Electrodynamics treats the materials as if they were continuous, but they are corpuscular, consist of atoms.
The metal shell consists of positive ions and the free electrons around them. The +2q charge comes from the ions which miss their electrons, as the -2q charge of the inner shell repel them. These "lonely" ions are distributed on the inner surface of the outer shell, they are among the surface ions. So the surface layer of the metal shell is different from the inner part of the metal, which is electrically neutral. The charge is distributed in that surface layer which has thickness of about an atom. What is true for the inside of the shell, it is not true for the surface layer. You can apply Gauss' Law on a region where the electric field is "regular", inside the metal, where it is zero. A sphere with radius greater than c by at least the size of one atom encloses the whole 2q charge.

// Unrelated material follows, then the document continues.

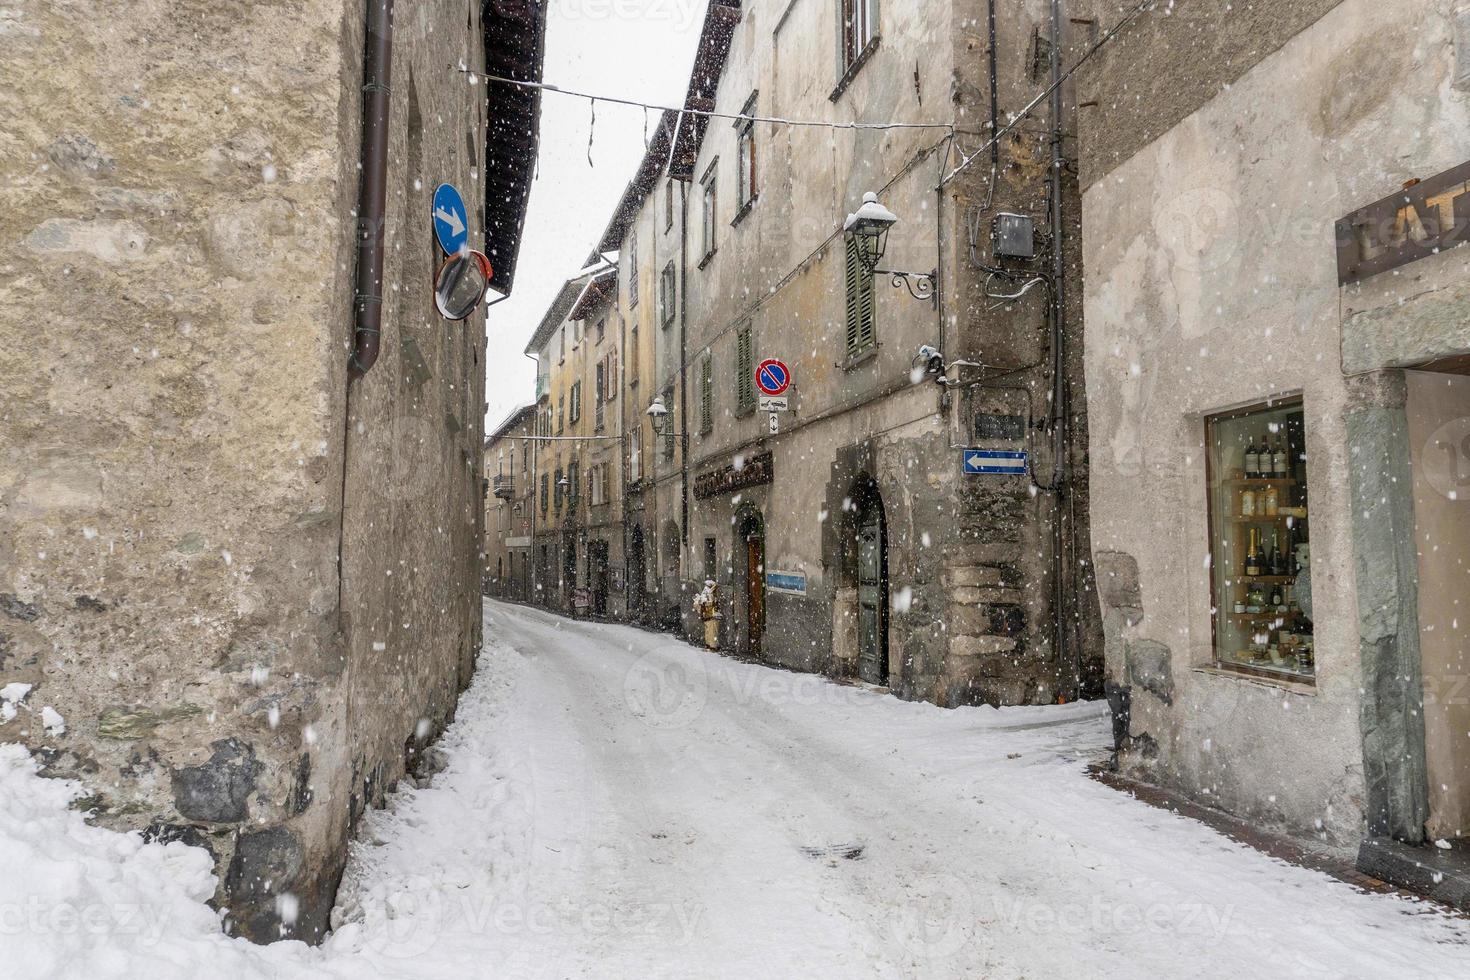 Bormio Medieval village Valtellina Italy under the snow in winter photo

You can also say that the electric field is not defined at r=c, also the enclosed charge is not defined for a sphere with r=c.

 

[gracy]

electric field is not defined at r=c

But in my graph #19 it has been given magnitude of 1/4πε0.-2q c^2

 

[ehild]

Your formula is wrong. Use parentheses.
E is something at one side of the boundary and zero at the other side. You can calculate the limits of E at c at both sides, but they are not equal.